Doric Documentation
Fostering modularity
Modular programming with Spark Column
expressions is simply not possible. For instance, let’s try to solve a simple
problem in a modular way. We start from the following DataFrame
, whose columns finish with the same suffix “_user”:
userDF.show()
// +---------+---------+--------+
// |name_user|city_user|age_user|
// +---------+---------+--------+
// | Foo| Madrid| 35|
// | Bar| New York| 40|
// | John| Paris| 30|
// +---------+---------+--------+
//
userDF.printSchema()
// root
// |-- name_user: string (nullable = true)
// |-- city_user: string (nullable = true)
// |-- age_user: integer (nullable = false)
//
We may refer to these columns using their full names:
f.col("name_user")
// res2: Column = name_user
f.col("age_user")
// res3: Column = age_user
f.col("city_user")
// res4: Column = city_user
//and many more
But we may also want to create a reusable function which abstract away the common suffix and allows us to focus on the unique part of the column names (thus obtaining a more modular solution):
def userCol(colName: String): Column =
f.col(colName + "_user")
If we refer to an existing prefix, everything is fine. But, if we refer to a non-existing column in a select
statement, for instance, then we would like to know where exactly that reference was made. The problem is that Spark
will refer us to the line of the select
statement instead:
val userc = userCol("name1") // actual location of error :S
userDF.select(userc) // error location reported by Spark
// org.apache.spark.sql.AnalysisException: [UNRESOLVED_COLUMN.WITH_SUGGESTION] A column or function parameter with name `name1_user` cannot be resolved. Did you mean one of the following? [`name_user`, `age_user`, `city_user`].;
// 'Project ['name1_user]
// +- Project [_1#316 AS name_user#323, _2#317 AS city_user#324, _3#318 AS age_user#325]

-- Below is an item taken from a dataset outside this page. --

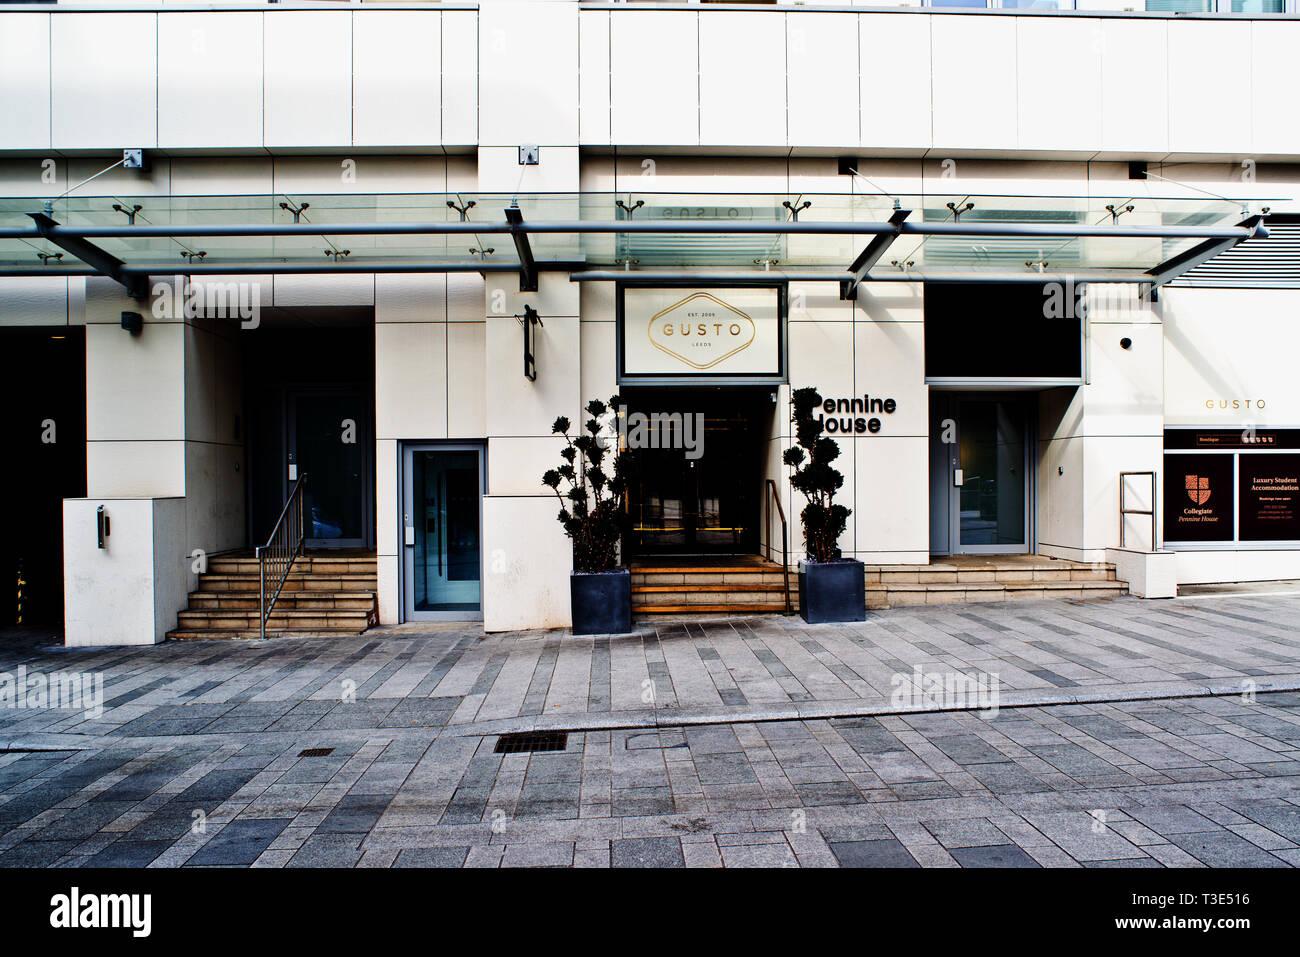 Gusto Ristorante Italiano, Pennine House, Leeds, Inghilterra Immagini Stock

// +- LocalRelation [_1#316, _2#317, _3#318]
//
// at org.apache.spark.sql.errors.QueryCompilationErrors$.unresolvedAttributeError(QueryCompilationErrors.scala:306)
// at org.apache.spark.sql.catalyst.analysis.CheckAnalysis.org$apache$spark$sql$catalyst$analysis$CheckAnalysis$$failUnresolvedAttribute(CheckAnalysis.scala:141)
// at org.apache.spark.sql.catalyst.analysis.CheckAnalysis.$anonfun$checkAnalysis0$6(CheckAnalysis.scala:299)
// at org.apache.spark.sql.catalyst.analysis.CheckAnalysis.$anonfun$checkAnalysis0$6$adapted(CheckAnalysis.scala:297)
// at org.apache.spark.sql.catalyst.trees.TreeNode.foreachUp(TreeNode.scala:244)
// at org.apache.spark.sql.catalyst.analysis.CheckAnalysis.$anonfun$checkAnalysis0$5(CheckAnalysis.scala:297)
// at org.apache.spark.sql.catalyst.analysis.CheckAnalysis.$anonfun$checkAnalysis0$5$adapted(CheckAnalysis.scala:297)
// at scala.collection.immutable.Stream.foreach(Stream.scala:533)
// at org.apache.spark.sql.catalyst.analysis.CheckAnalysis.$anonfun$checkAnalysis0$2(CheckAnalysis.scala:297)
// at org.apache.spark.sql.catalyst.analysis.CheckAnalysis.$anonfun$checkAnalysis0$2$adapted(CheckAnalysis.scala:215)
Towards the source of error
Doric includes in the exception the exact line of the malformed column reference (cf. error reporting in doric), and this will be of great help in solving our problem. However, the following doric function doesn’t really work:
import doric.types.SparkType
def user[T: SparkType](colName: String): DoricColumn[T] = {
col[T](colName + "_user")
}
Indeed, the following code will point out to the implementation of the user
function:
val age = user[Int]("name")
val team = user[String]("team")
userDF.select(age, team)
// doric.sem.DoricMultiError: Found 2 errors in select
// The column with name 'name_user' was expected to be IntegerType but is of type StringType
// located at . (modularity.md:79)
// [UNRESOLVED_COLUMN.WITH_SUGGESTION] A column or function parameter with name `team_user` cannot be resolved. Did you mean one of the following? [`name_user`, `city_user`, `age_user`].
// located at . (modularity.md:79)
//
// at doric.sem.package$ErrorThrower.$anonfun$returnOrThrow$1(package.scala:9)
// at cats.data.Validated.fold(Validated.scala:50)
// at doric.sem.package$ErrorThrower.returnOrThrow(package.scala:9)
// at doric.sem.TransformOps$DataframeTransformationSyntax.select(TransformOps.scala:140)
// at repl.MdocSession$MdocApp$$anonfun$2.apply(modularity.md:89)
// at repl.MdocSession$MdocApp$$anonfun$2.apply(modularity.md:86)
To get the right line of code in the reported error, we can just add the following implicit parameter to the user
function:
import doric._
import doric.sem.Location
import doric.types.SparkType
def user[T: SparkType](colName: String)(implicit location: Location): DoricColumn[T] = {
col[T](colName + "_user")
}
Now, if we repeat the same error we will be referred to the real problem:
val age = user[Int]("name")
val team = user[String]("team")
userDF.select(age, team)
// doric.sem.DoricMultiError: Found 2 errors in select
// The column with name 'name_user' was expected to be IntegerType but is of type StringType
// located at . (modularity.md:135)
// [UNRESOLVED_COLUMN.WITH_SUGGESTION] A column or function parameter with name `team_user` cannot be resolved. Did you mean one of the following? [`name_user`, `city_user`, `age_user`].
// located at . (modularity.md:136)
//
// at doric.sem.package$ErrorThrower.$anonfun$returnOrThrow$1(package.scala:9)
// at cats.data.Validated.fold(Validated.scala:50)
// at doric.sem.package$ErrorThrower.returnOrThrow(package.scala:9)
// at doric.sem.TransformOps$DataframeTransformationSyntax.select(TransformOps.scala:140)
// at repl.MdocSession$MdocApp5$$anonfun$3.apply(modularity.md:137)
// at repl.MdocSession$MdocApp5$$anonfun$3.apply(modularity.md:134)